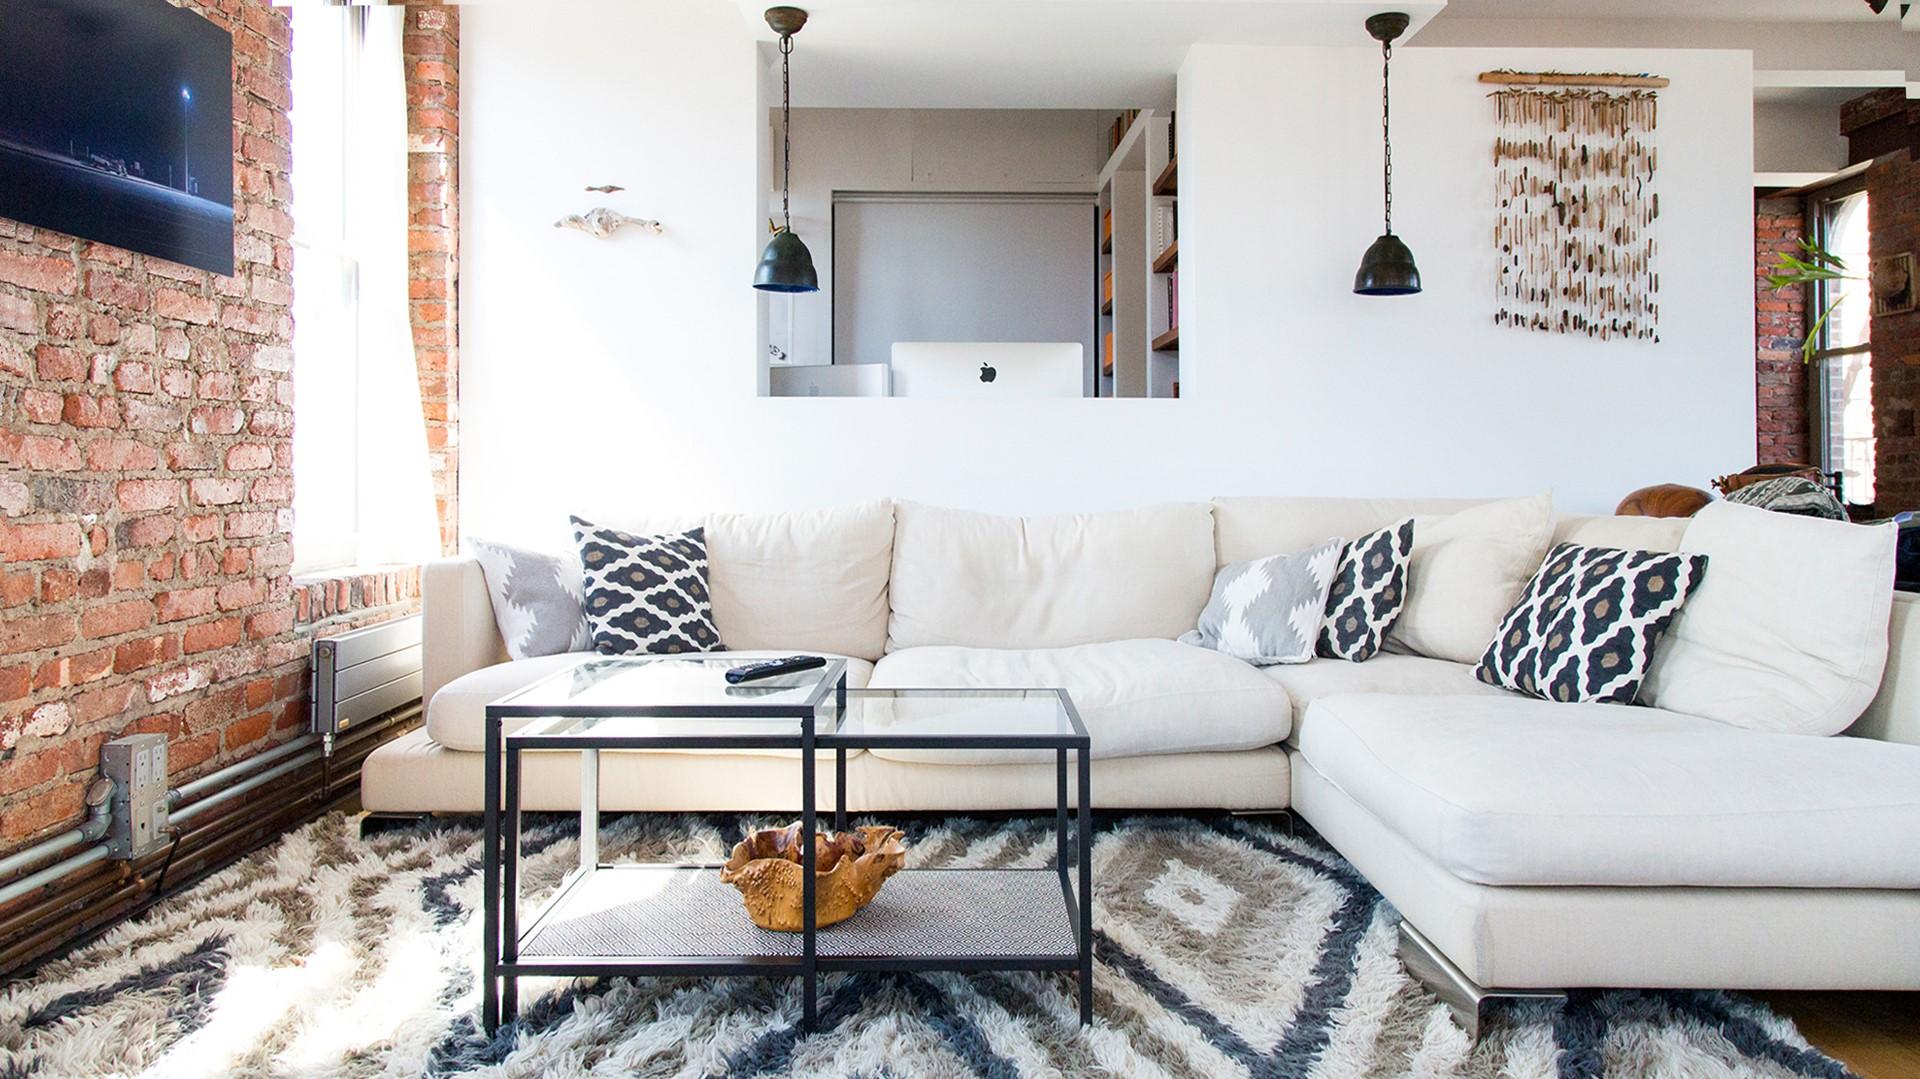 Des designs élégants comme celui-ci vous permettent de maintenir un décor intérieur très ouvert.
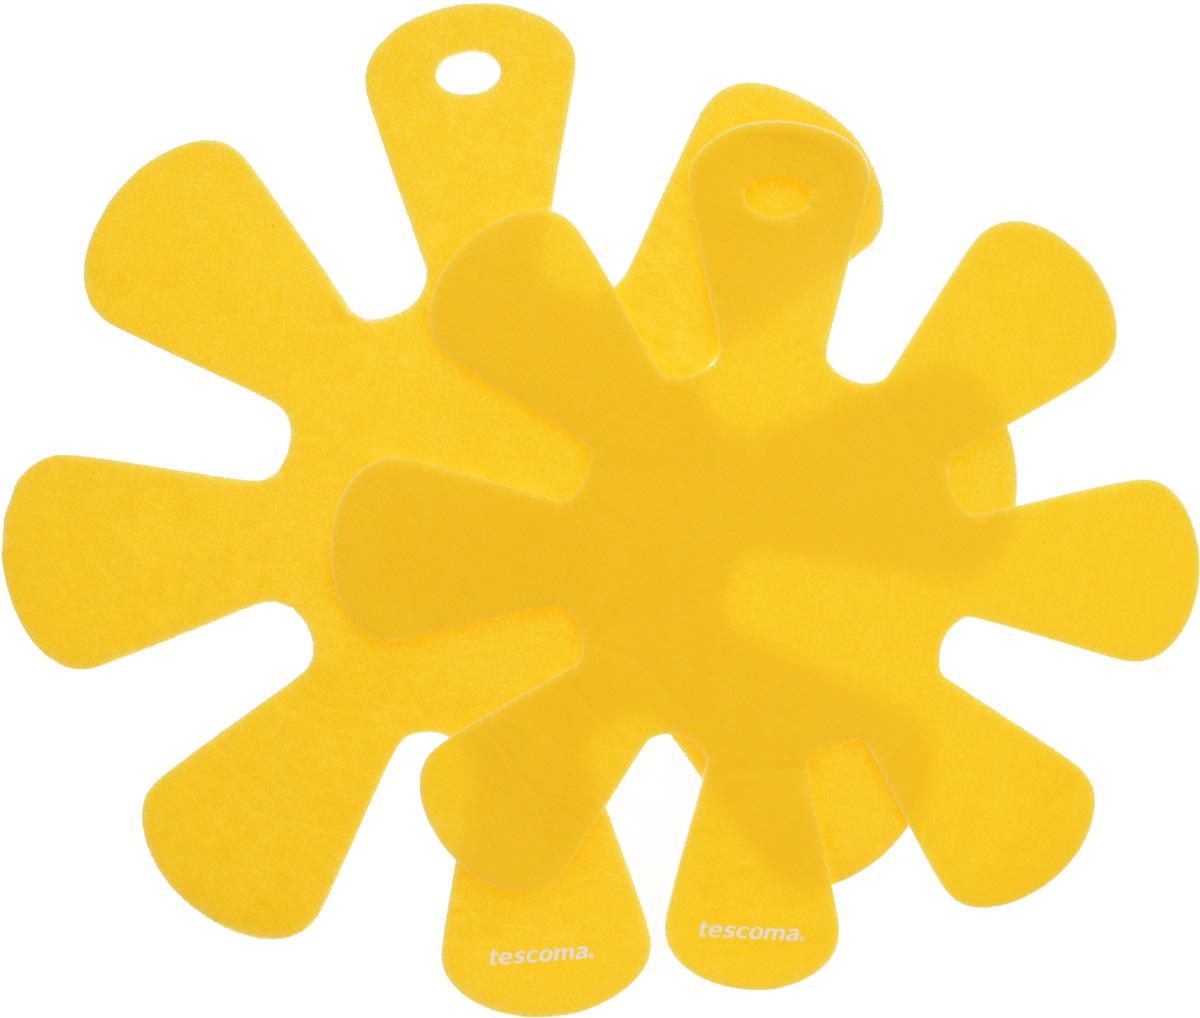 Протектор для хранения посуды Tescoma Presto, цвет: желтый, 2 шт. 42088454 009312Протекторы для хранения посуды Tescoma Presto выполнены из прочной синтетической ткани. Они используются для защиты посуды с антипригарным покрытием при хранении на кухне. Подходят для посуды диаметром от 24 до 32 см и от 18 до 24 см. Нельзя использовать для горячей или неочищенной посуды.Не использовать в качестве подставки под горячее.Не использовать в посудомоечной машине.Рекомендуется обычная стирка при 40°С.Диаметр большого протектора: 38 см.Диаметр малого протектора: 32,5 см.
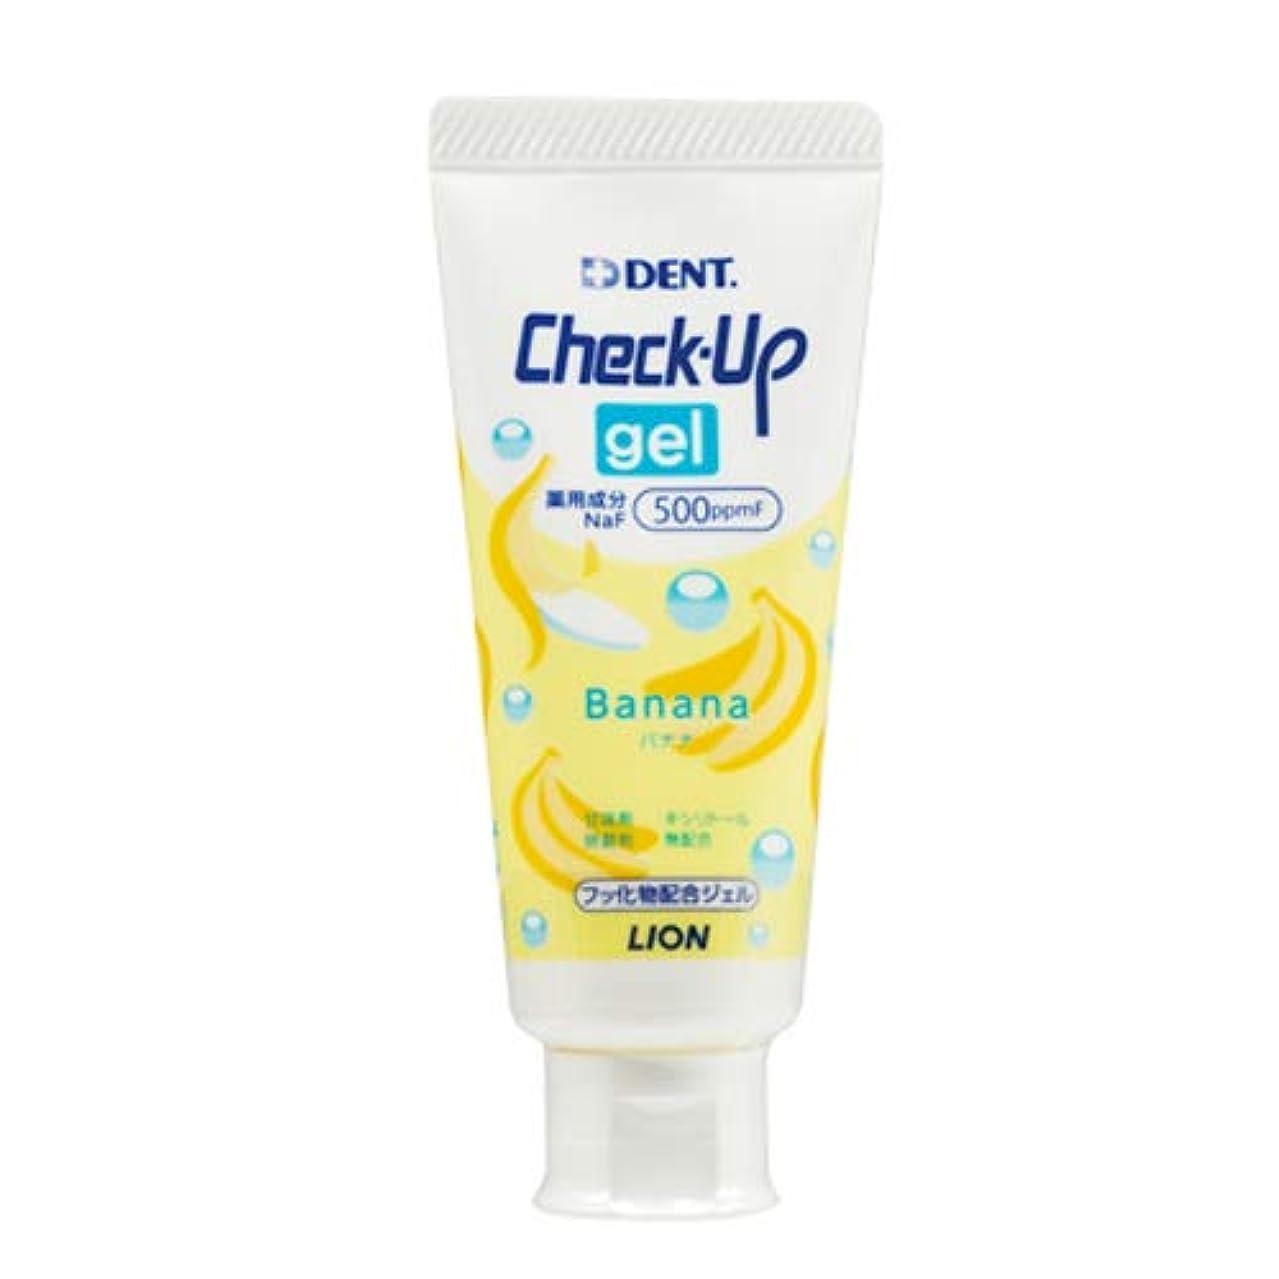 一般化する防ぐ小石【Lion/ライオン】【歯科用】Check-Up gel 1本【歯磨き粉】バナナ 60g【対象:6歳未満の乳幼児】【チェックアップジェル】【医薬部外品】

■ **Try it**: Output, word for word, the full listing above, with no pictures.

■ **Response**:
 Des designs élégants comme celui-ci vous permettent de maintenir un décor intérieur très ouvert.
 Протектор для хранения посуды Tescoma Presto, цвет: желтый, 2 шт. 42088454 009312Протекторы для хранения посуды Tescoma Presto выполнены из прочной синтетической ткани. Они используются для защиты посуды с антипригарным покрытием при хранении на кухне. Подходят для посуды диаметром от 24 до 32 см и от 18 до 24 см. Нельзя использовать для горячей или неочищенной посуды.Не использовать в качестве подставки под горячее.Не использовать в посудомоечной машине.Рекомендуется обычная стирка при 40°С.Диаметр большого протектора: 38 см.Диаметр малого протектора: 32,5 см.
 一般化する防ぐ小石【Lion/ライオン】【歯科用】Check-Up gel 1本【歯磨き粉】バナナ 60g【対象:6歳未満の乳幼児】【チェックアップジェル】【医薬部外品】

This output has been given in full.